Our Hospice nurse Amber, is a saint in my eyes right now.  I have told her at least three or four times in the last five days that she ALWAYS knows the right things to say to me and to mom and to Michael.  And she does.  She's obviously amazing at what she does and she was born to do what she does.  I would not want any other nurse taking care of my mother.  Amber puts things into perspective and always gives me different and appropriate ways to look at things.  She sheds a light on a subject in a way I would never consider.  It's heart touching to say the least that a nurse can have such a positive influence on my daily thinking.  And my Mother ADORES Amber.  She trusts her.  She loves her.  Just like she loves me.  Their relationship is one that we wish we never had to have and if we never met Amber, it would be because my Mom didn't have cancer and I would be ok with that.  She's in our life for a reason.  She's perfect.

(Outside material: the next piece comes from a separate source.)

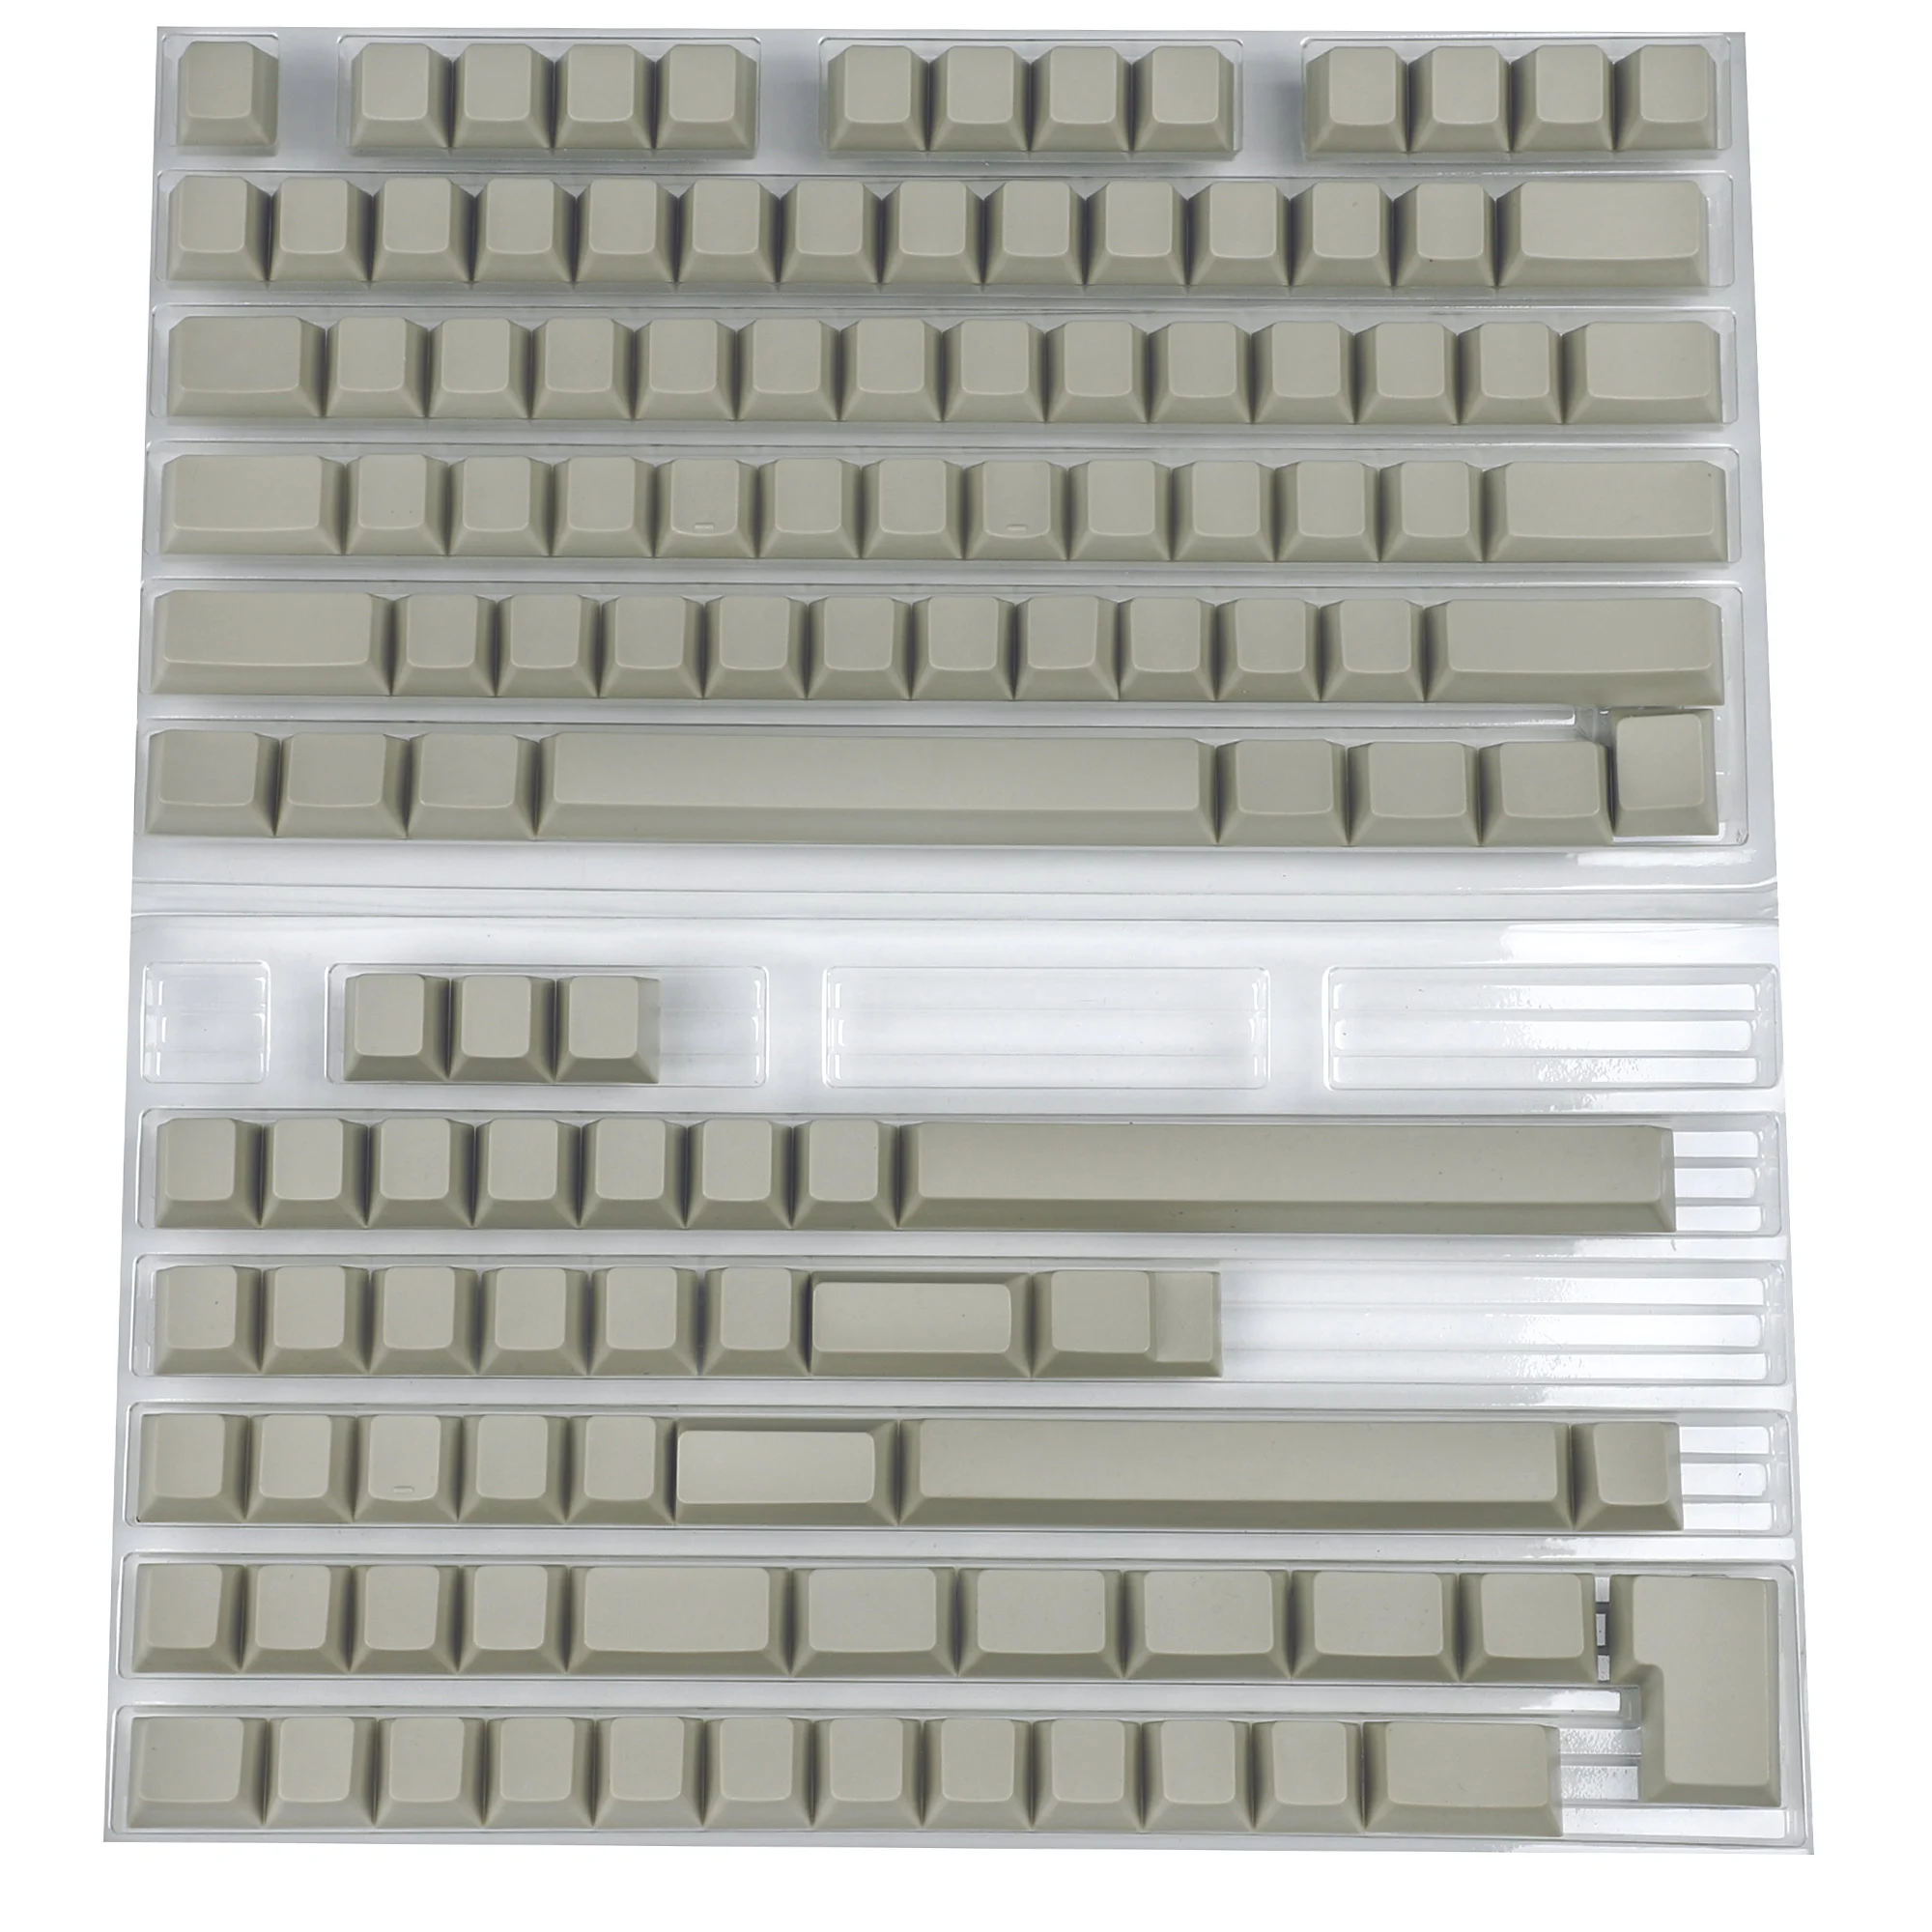 Blank 121 119 pustych kluczy wiśniowy profil gruby PBT klawiatura ANSI ISO układ do mechaniczna klawiatura do gier przełączniki MX wiśniowego

I apologize for the rambling but once I get going, there are times I can't shut off my brain.  As for me, I think I am doing ok.  I don't sleep much, but I have plenty of time for that later.  Today my morning started off at 3:30am bright and early after going to bed around 1am.  One of these days I will crash.  Hard.  But for now we will keep plugging away and being thankful for each breath that she takes, thankful that I have my daughter's softball practices (helping coach) to let me escape for a few hours a week.  Need that.  Oh do I ever need that.  Last night practice was freezing cold, windy, and just downright miserable, but watching my lil redhead do THE best slides into second base was just what the doctor ordered.  I was so proud.  I was beaming.  I was SMILING.  I was happy.